Aaron & the Spell are headed by Philadelphia-based Aaron Brown. The band performed during last year’s Pastorius Park season but indoors at the Springside Chestnut Hill Academy’s auditorium on Cherokee Avenue. Brown spoke at the start of the concert about his pleasure at being able to let loose rather than hold back, as is always wise whenever a band moves inside.

Brown started most of his songs quietly, almost lazily. It was a wise choice because it enabled the audience to hear and appreciate what an excellent singer he is. His voice is gentle and flexible, always perfectly in tune yet sliding in between notes, turning major harmonies into minor chords with effortless technical control.

Every arrangement was characterized by sophisticated chord progressions and exquisitely voiced harmonies. Songs such as “Stay Away” and “Believe” developed organically with a convincing sense of inevitability, hinting at predecessors, such as the middle-period Beatles in “Rubber Soul” yet never sounding derivative. It made for a memorable concert to conclude an ultimately successful season.


Delaware Valley Opera Company will bring its 2014 summer festival season to a close with one of the most popular operas in the standard repertoire. George Bizet’s “Carmen” will be performed August 9, 13 and 16 at 8 p.m.

The music director and accompanying pianist for this production will be Marja Kaisla of West Mt. Airy. The Finnish-born Kaisla has worked previously with DVOC in three operas, but Kaisla’s coming to “Carmen” is actually her first experience with a “live” performance of the opera. “I have not seen ‘Carmen’ before,” she said, “but I fell in love with the music when I used to perform a fabulous transcription of it probably a hundred times with a four-piano musical ensemble I was a part of for several years.

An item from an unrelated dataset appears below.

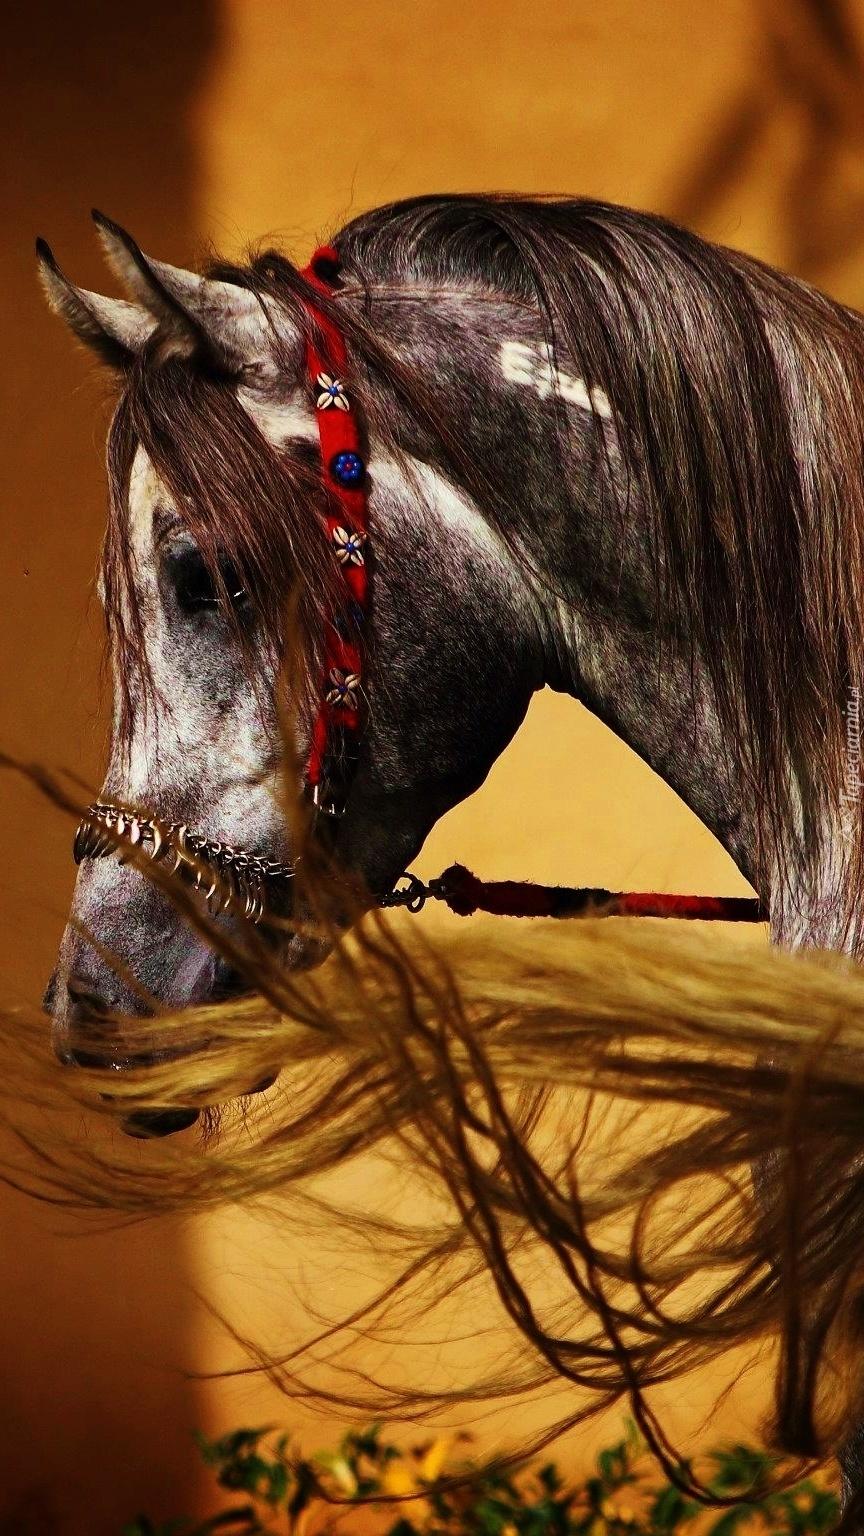 Profil konia
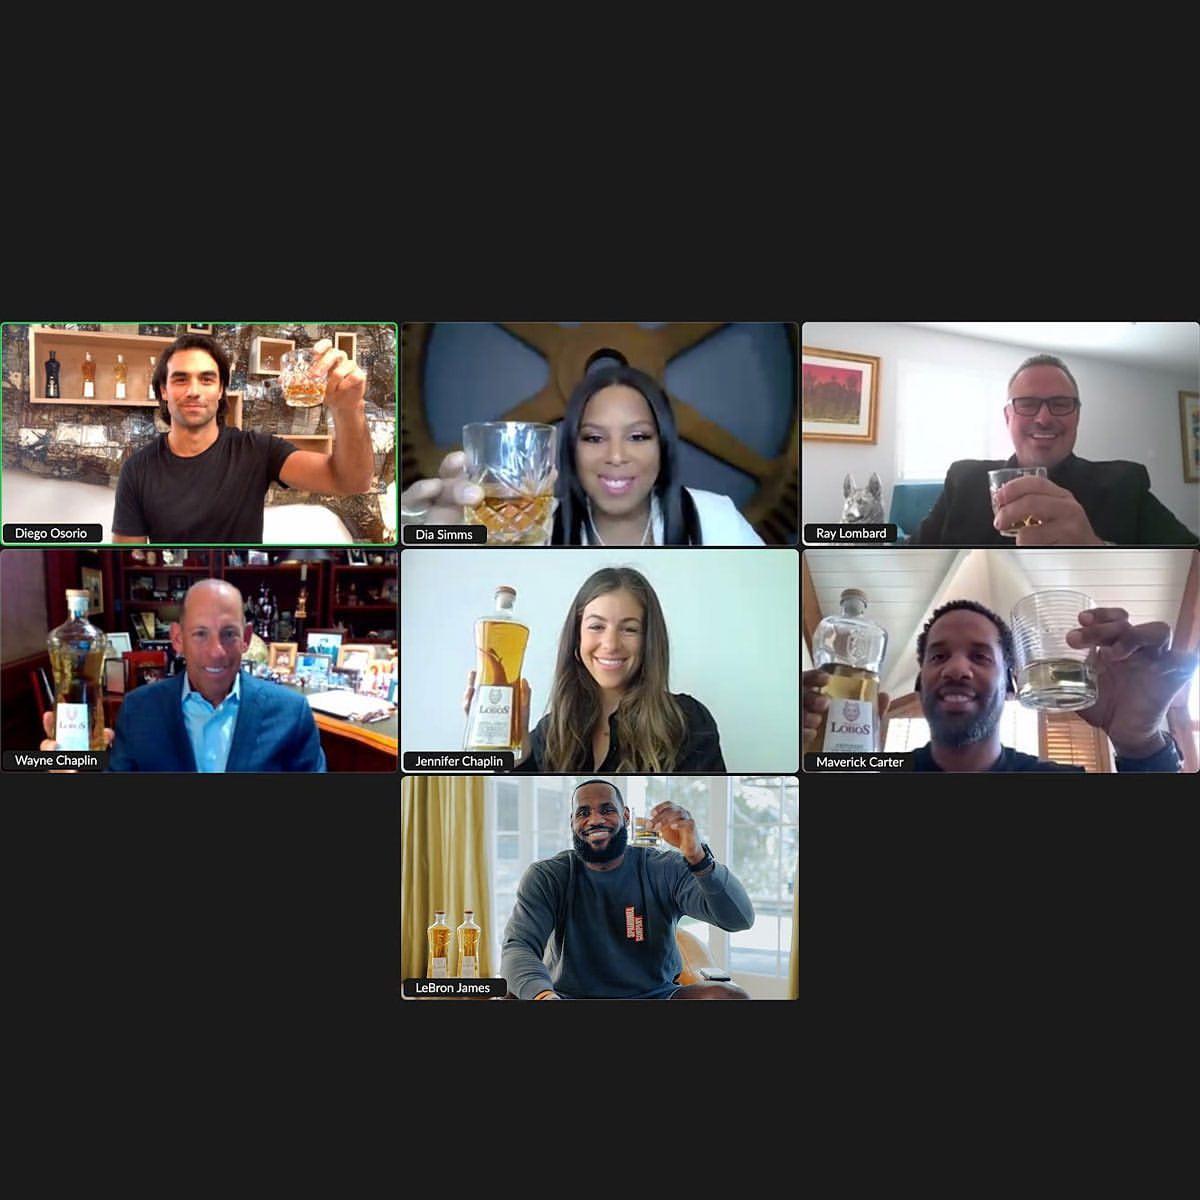 詹姆斯晒视频连线举杯庆祝合照宣传个人旗下酒品商业合作插图

“Most of the tunes are very famous and well known even for those not all that familiar with opera, and for good reason. They’re easily accessible, exciting and beautiful. They have a popular flair to them. And since DVOC is not hiring an orchestra for these performances, I get to play at the piano all 391 pages of this gorgeous music with the soloists and chorus in a fully staged production.”

Kaisla expressed the opinion that “Carmen” has no weaknesses. “However,” she added, “I was hoping to do the opera using the original spoken (French) dialogue in lieu of sung recitatives, but since the singers are not trained actors, it might have become a bit more complicated to produce.”

Kaisla pointed out that the soloists and chorus members are all local residents, although this will be her first time working with them. Since the opera is so large and complex, she and the singers have been rehearsing onstage three times a week since the beginning of July following several purely musical rehearsals in June.